‘Infrastructure’ bill provision lets government track every trip you take

infrastructure bill lets government track every trip

Did you know that the recently passed U.S. Senate “infrastructure” bill contains a provision to develop a system that lets government track every mile of every trip you take?

Within the 2,700 pages of the $1.2 trillion infrastructure bill — passed with the assistance of Republican frauds and liars who want you to believe they are the party of fiscal responsibility — is obscure language requiring the Department of Transportation to test the feasibility of taxing drivers for the number of miles they travel.

The tax would be broad enough to target any “passenger motor vehicles,” including light and medium-to-heavy-duty trucks. The brain trust behind this new tax is Secretary of Transportation Pete Buttigieg who suggested it earlier this year, saying the idea showed “a lot of promise.”

After receiving some backlash for his idea, Buttigieg reversed his stance on the idea a few days later as infrastructure debates got under way, and he assured America that a miles-driven tax would not be included in the legislation.

“That’s not part of the conversation about this infrastructure bill, so just want to make sure that’s really clear,” Buttigieg said in a CNN interview.

Despite Buttigieg’s assurance that his new tax wouldn’t be in the bill, a pilot program to create it is contained in the legislation recently passed in the U.S. Senate.

Liberty-loving Americans should be very concerned because not only will this pilot program pave the way for Washington to implement a permanent per-mile tax (double-taxing people who drive vehicles that burn gasoline or diesel), it will potentially lead to government tracking of every trip you take.

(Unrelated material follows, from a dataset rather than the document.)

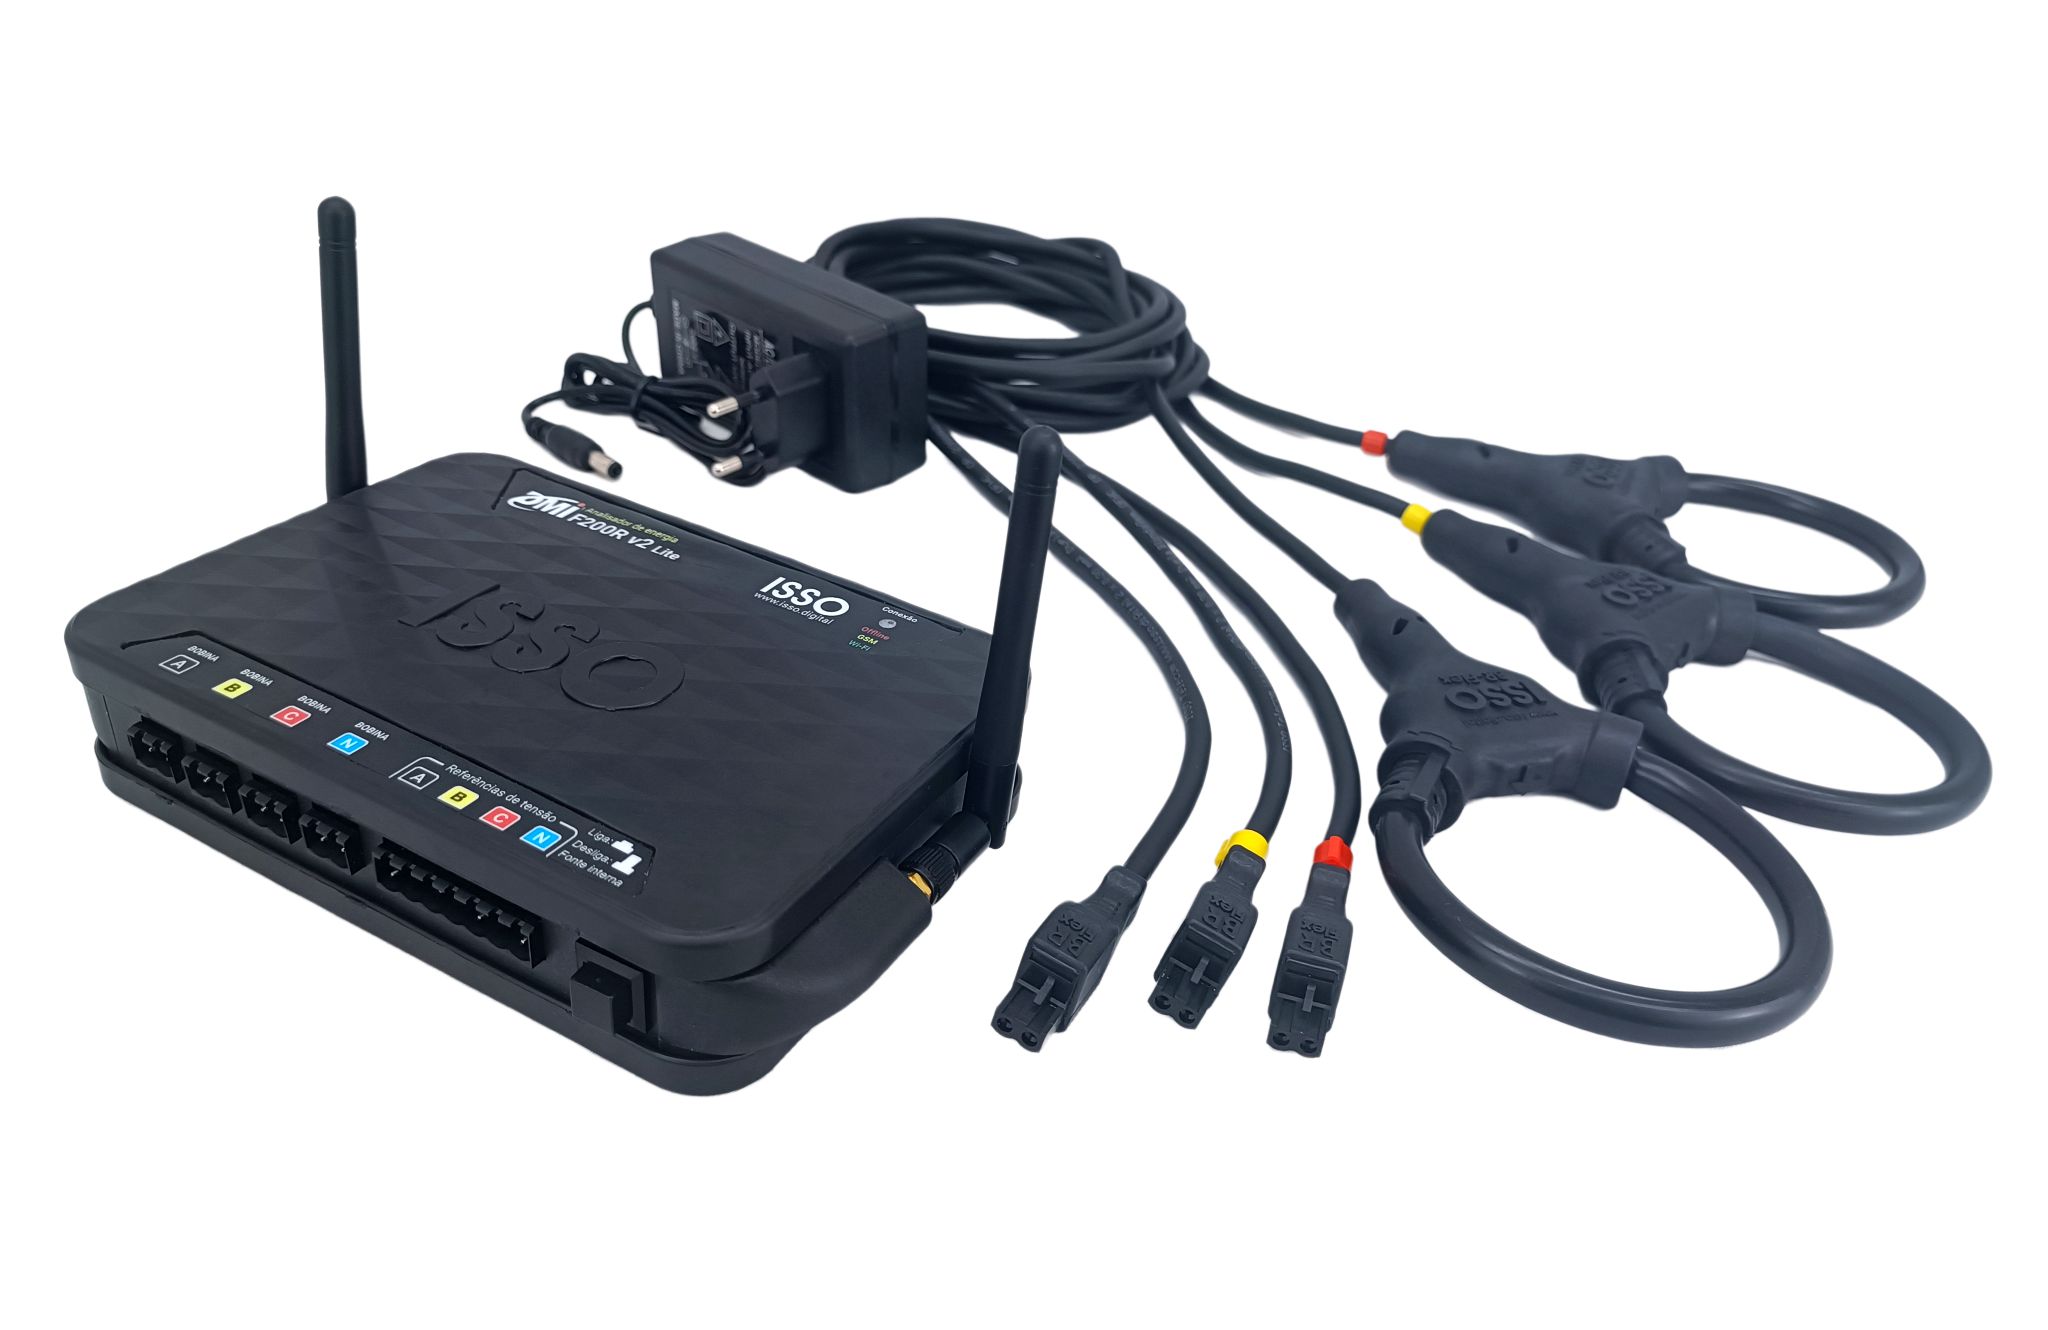 Analisador de energia DMI F200R Black Box Bidirecional, conexão Wifi, sensores de corrente flexíveis, kwh, kvar, harmônicas 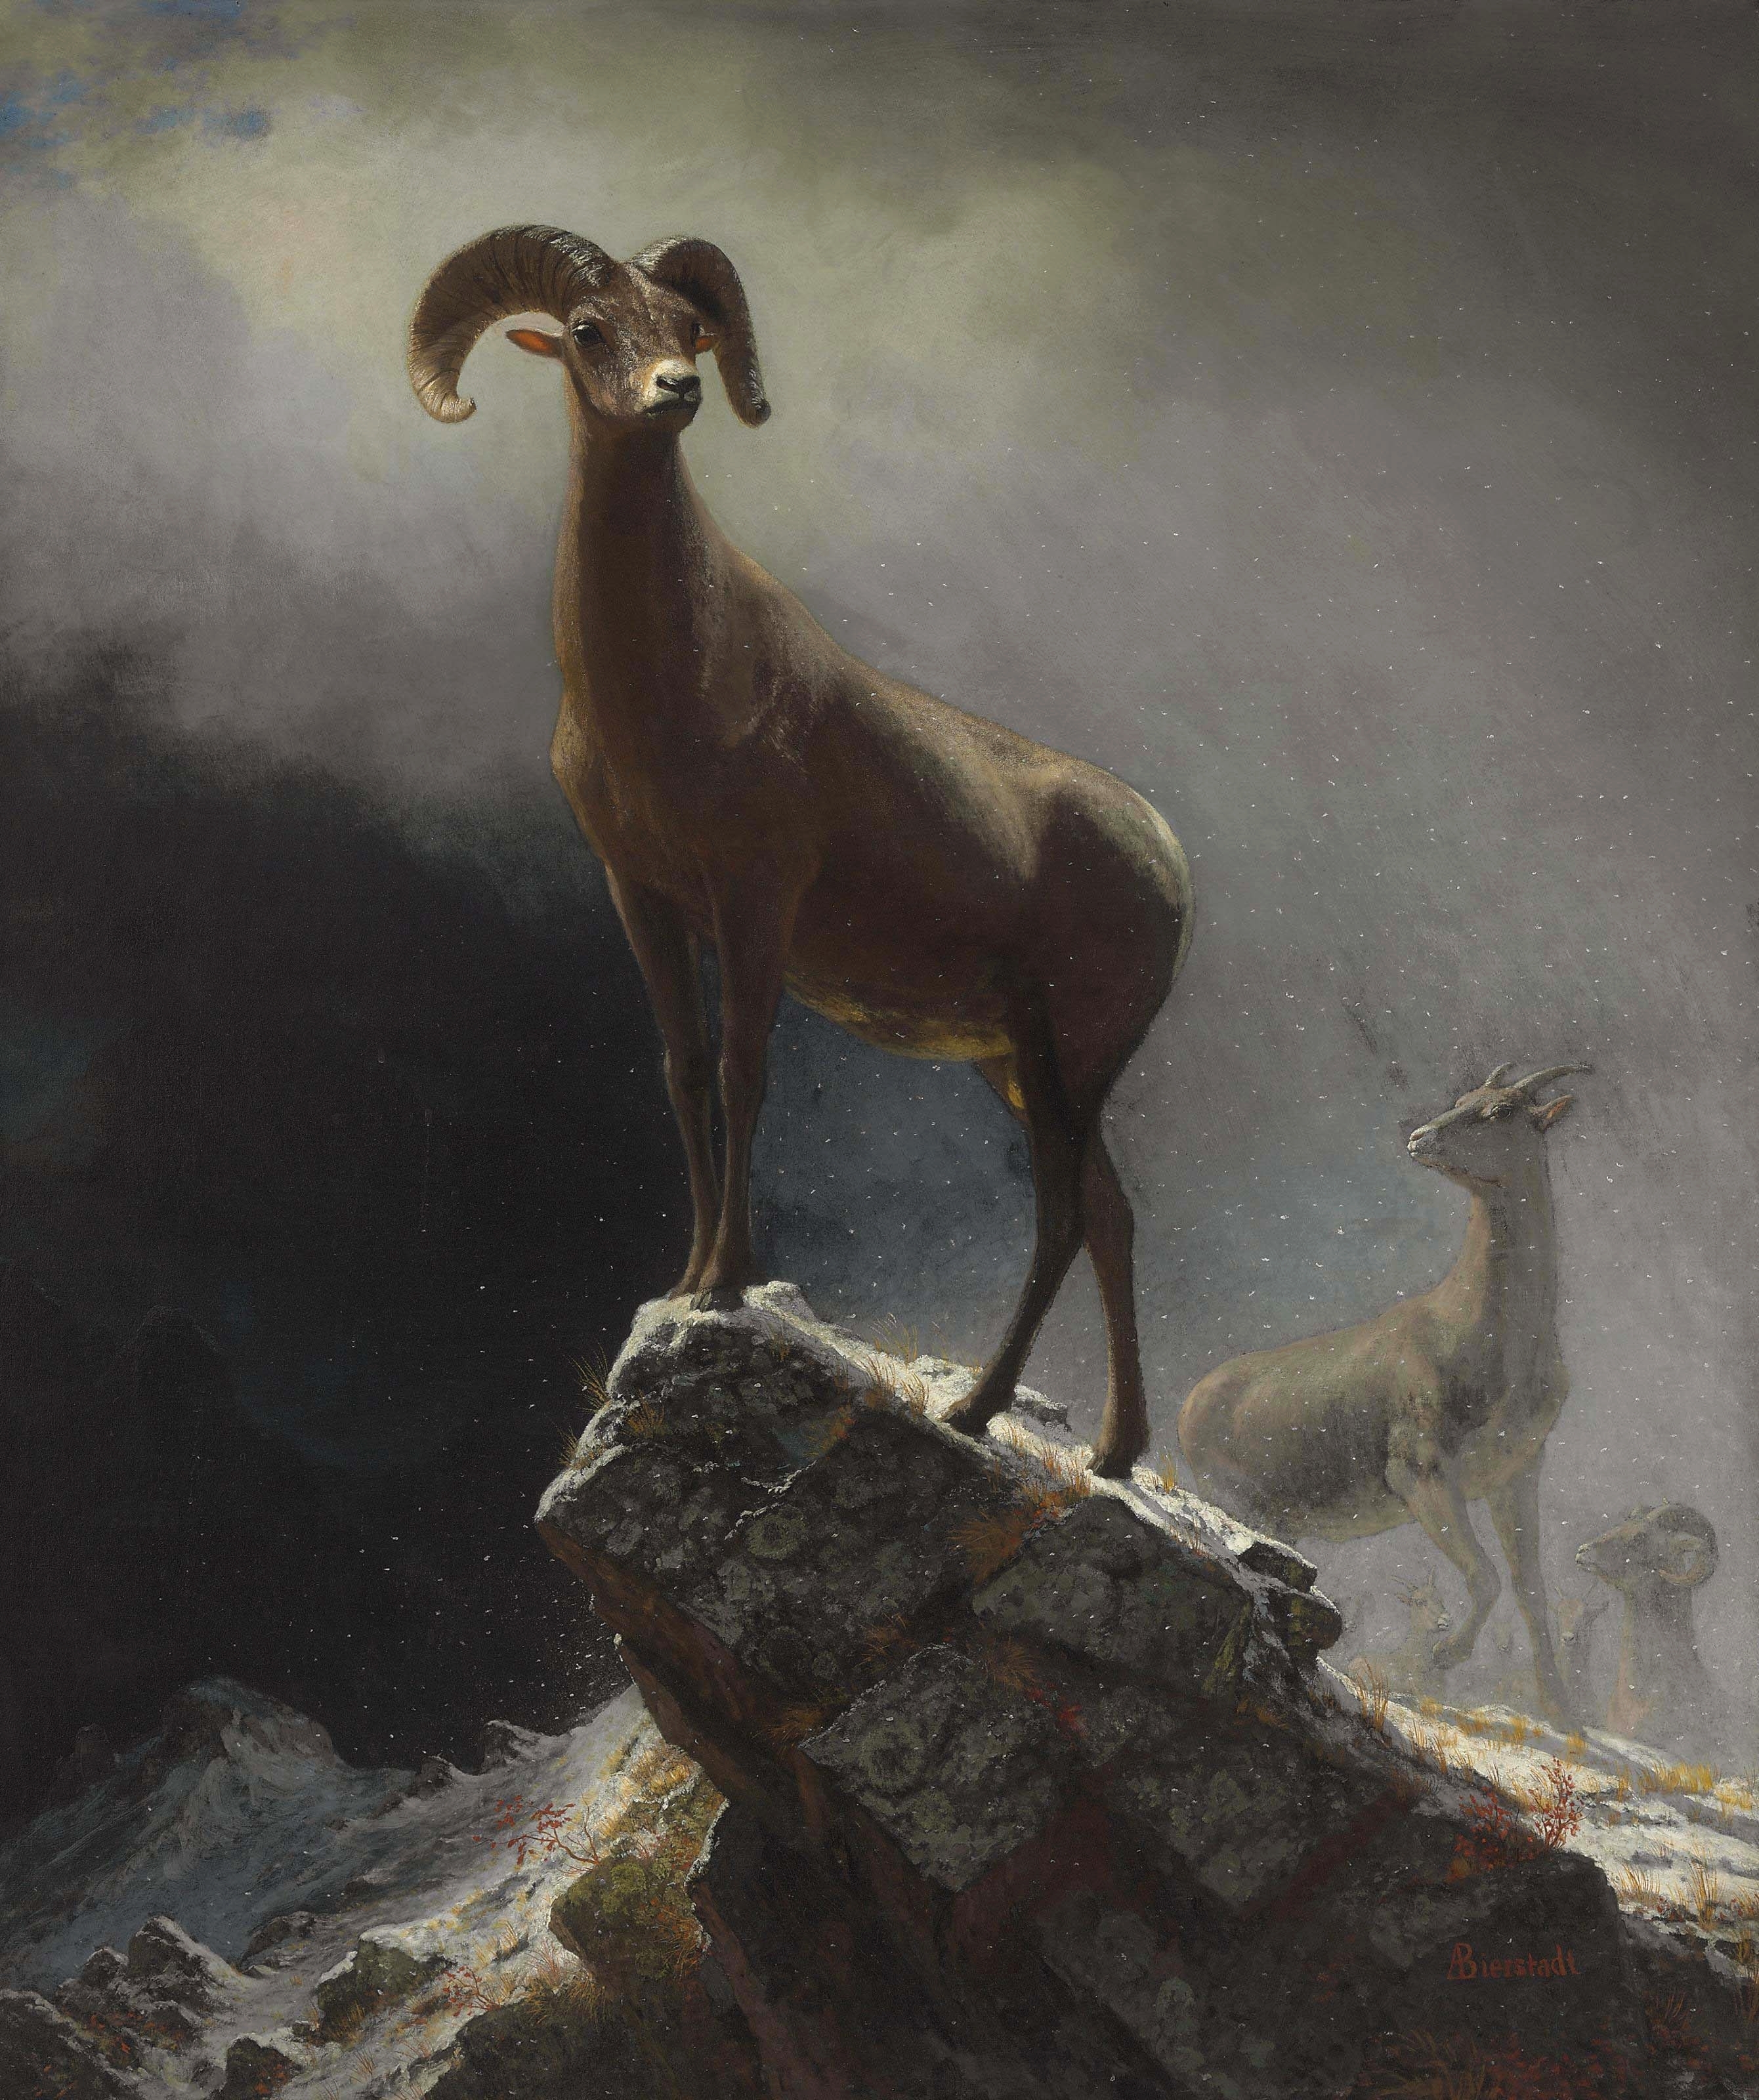 Albert Bierstadt - Rocky Mountain Sheep or Big Horn, Ovis, Montana

“The concerns that have the most merit are those about privacy,” said Ulrik Boesen, senior policy analyst at The Tax Foundation.

Unfortunately, the framework for a national surveillance system has been under construction for several years.

In January 2015, Obama and the Republican-controlled Congress passed legislation that allowed the US Drug Enforcement Agency (DEA) to create a national database of license plates and driving habits of Americans. Though originally created to combat drug trafficking, the program was later expanded to track other “criminals.” The information was even made available to state-level law enforcement agencies.

Expansion of the program was given a boost in January 2018 when Trump and the Republican Party gave Immigration and Customs Enforcement (ICE) agency-wide access to a nationwide license plate recognition database to assist the agency with immigration control.

In November 2019, a bill was introduced in the House that would have created a real-time national driver surveillance program that would make it possible for law enforcement to know anything and everything about a driver at the click of a button. Known as the “Safe Drivers Act” (SDA), the bill’s primary purpose is to make everything a motorist has done available to law enforcement NATIONWIDE, and it will accomplish this feat by tracking driver’s licenses in addition to license plates.

If it becomes law (it’s been in committee since it was introduced), SDA will “incentivize” states — code for bribing them with taxpayer-funded money — to modernize their computer systems in such a way as to make it possible for states to all work together and make real-time driver information available to one and all.

By the way, Honda, Ford, General Motors, BMW, and Renault have been testing a radical new system that “assigns digital IDs to individual autos, linked to information such as ownership and service histories. This data covering the lifetime of the vehicle would be used to recognize cars on the road, allowing for fees to be paid automatically by the owner with no need for the specialized tags required in current electronic toll collection systems.”

Talk about making Big Brother’s job easier.

Sen. Mitt Romney, R-Utah, one of the Republican frauds responsible for the “infrastructure” bill, is defending the pilot program, and he thinks that anyone who believes it will lead to government tracking every trip you take is only “fearmongering.”

“Talk of the infrastructure bill allowing the government to track your driving through a VMT is fearmongering and misinformation,” Romney said. “It creates a VOLUNTARY study to determine how electric cars can support the Highway Trust Fund so the burden isn’t solely on those who pay a gas tax.”

Seems to me we heard something similar to this when Americans raised concerns about the PATRIOT Act leading to limitless spying on Americans.

When it comes to the assault on our constitutional rights. Big Brother rarely launches a full-blown frontal attack because the intention is too obvious. Instead, the strategy most often used is one that mirrors the advice Screwtape gave his nephew Wormwood in the C.S. Lewis novel, The Screwtape Letters.

“Indeed, the safest road to hell is the gradual one, the gentle slope, soft underfoot, without sudden turnings, without milestones, without signposts.”

It’s easy to point a finger at Democrats and the Far-Left for our loss of liberty, but the reality is that Republicans have worked hand-in-hand with them to lead us down the road to tyrannical hell. We need look no further than the Patriot Act, which brought us the NSA spying program Trump wants to make permanent, along with a bucket list of gun-control legislation from the GOP to see how this is true.

I think it’s safe to call the miles-driven tax such a road, don’t you?

 


David Leach is the owner of the Strident Conservative. He holds people of every political stripe accountable for their failure to uphold conservative values, and he promotes those values instead of political parties.